Given data:
:::

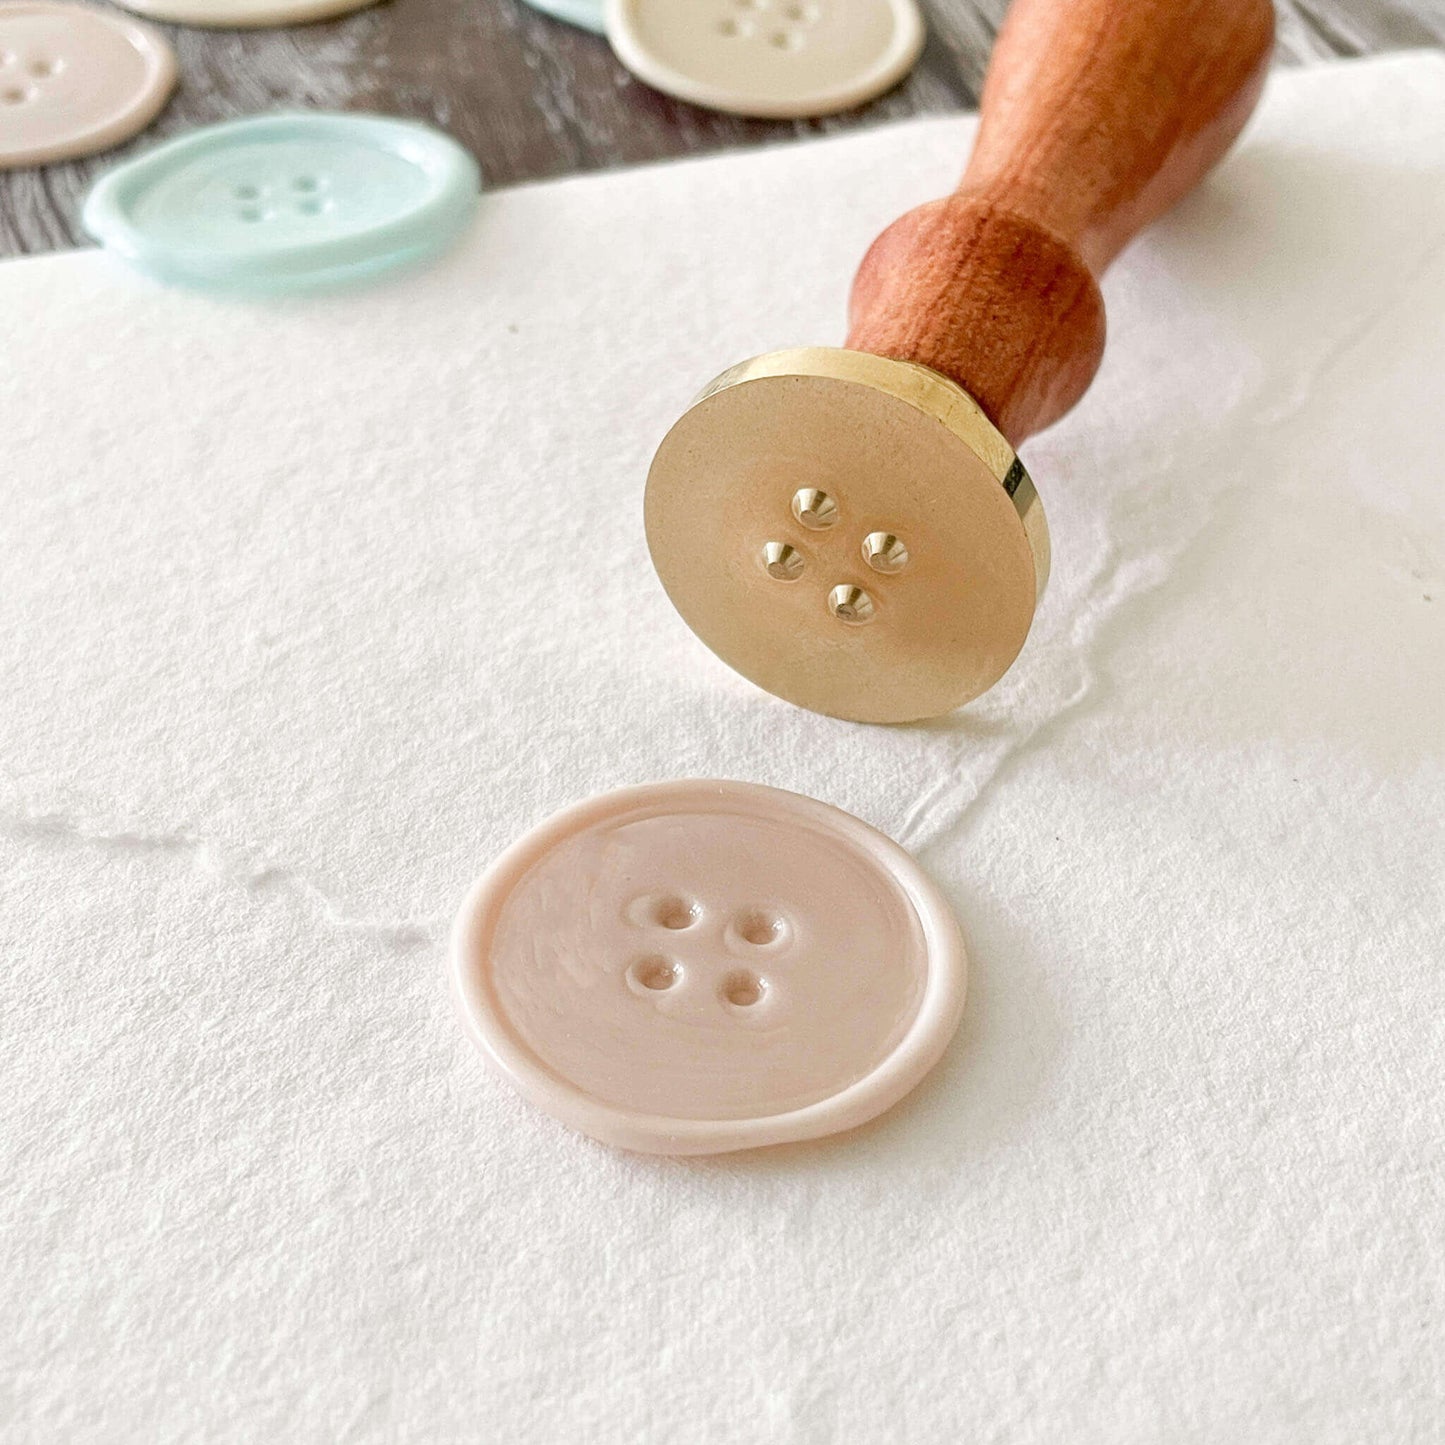 wax-stamp-button
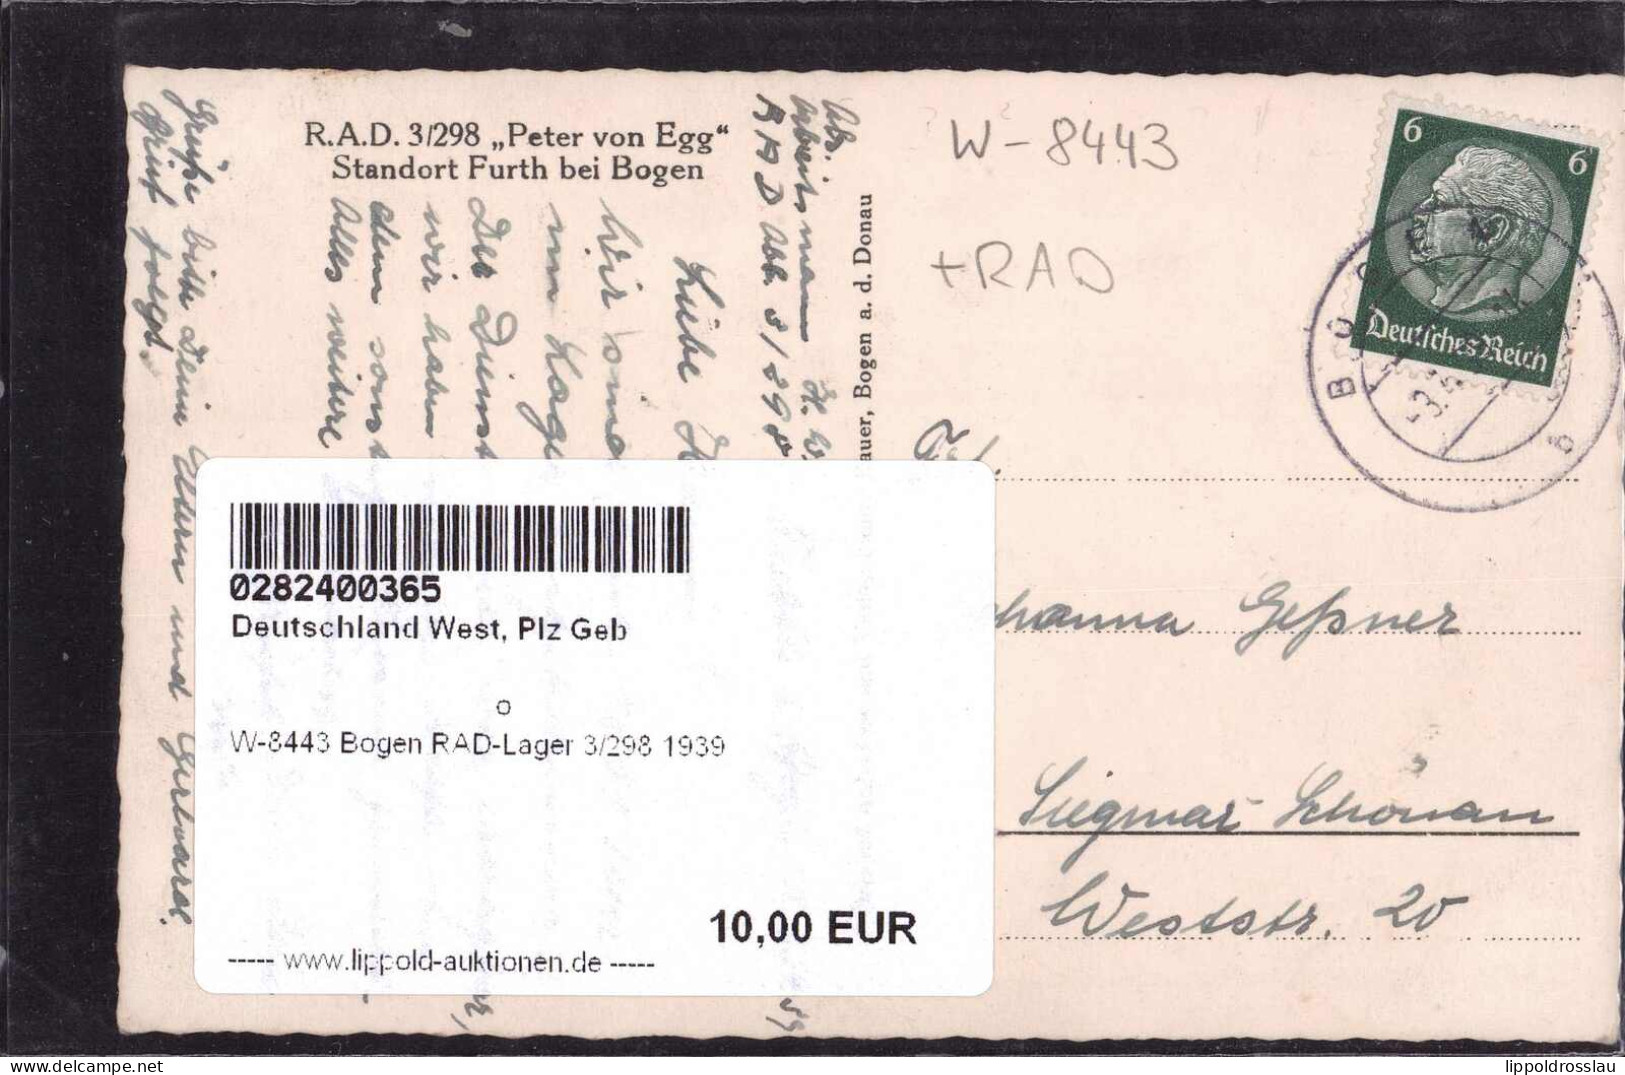 Gest. W-8443 Bogen RAD-Lager 3/298 1939 - Straubing
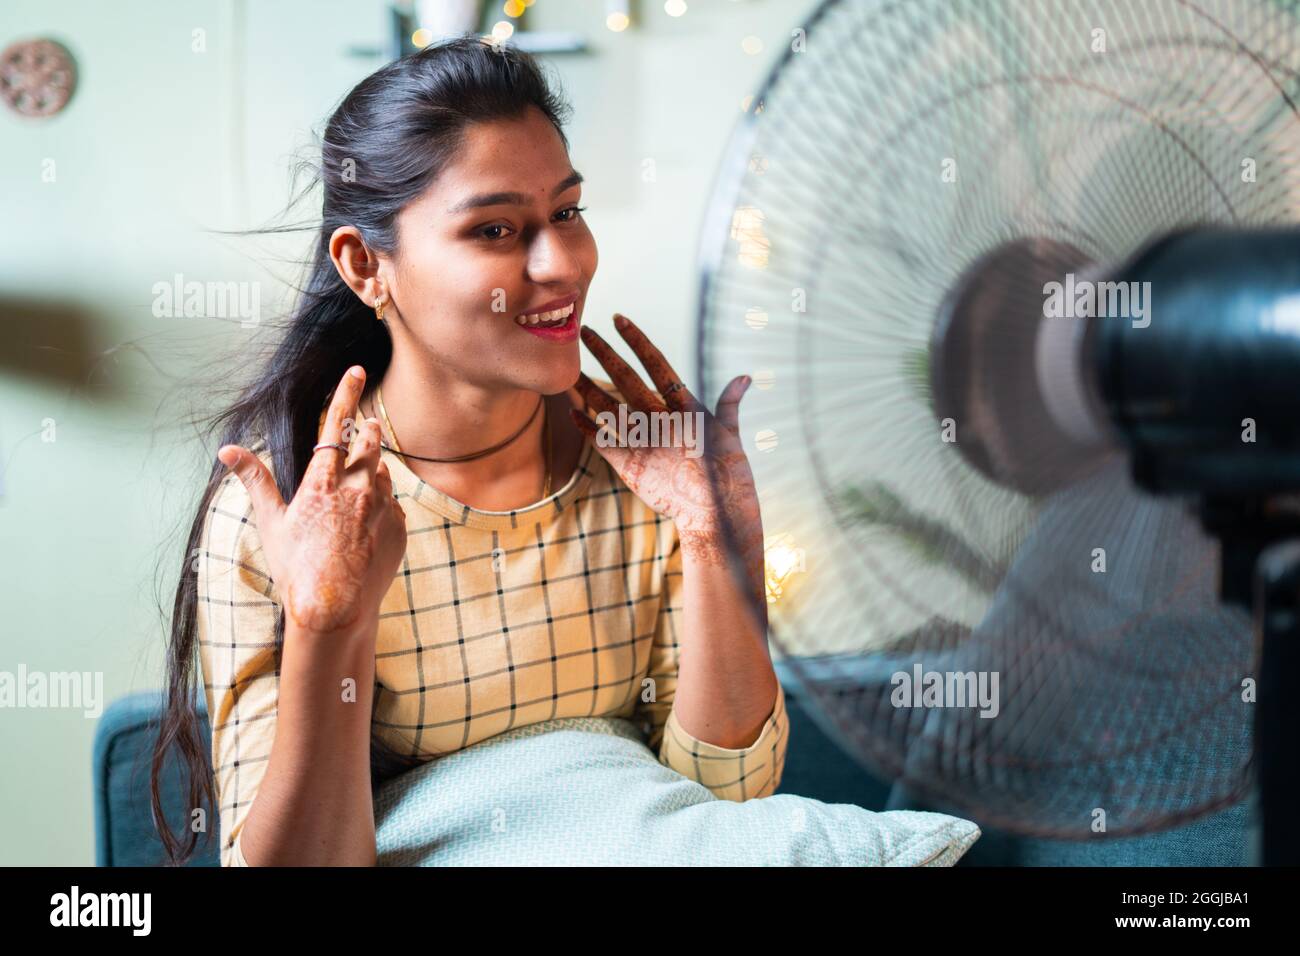 Glücklich lächelnde indische Frau, die während des Hitzeschlages auf der Couch sitzt, die Ventilatorluft genießt - Konzept der Hitzewelle oder das Gefühl der kühlen Luft aus dem Ventilator zu Hause. Stockfoto

:::

Reproduce nothing but the lines from the line containing "Gest. W-8443 Bogen" through the last line of the data above, exactly as written and without pictures.

Exercise solution:
 Gest. W-8443 Bogen RAD-Lager 3/298 1939 - Straubing
 Glücklich lächelnde indische Frau, die während des Hitzeschlages auf der Couch sitzt, die Ventilatorluft genießt - Konzept der Hitzewelle oder das Gefühl der kühlen Luft aus dem Ventilator zu Hause. Stockfoto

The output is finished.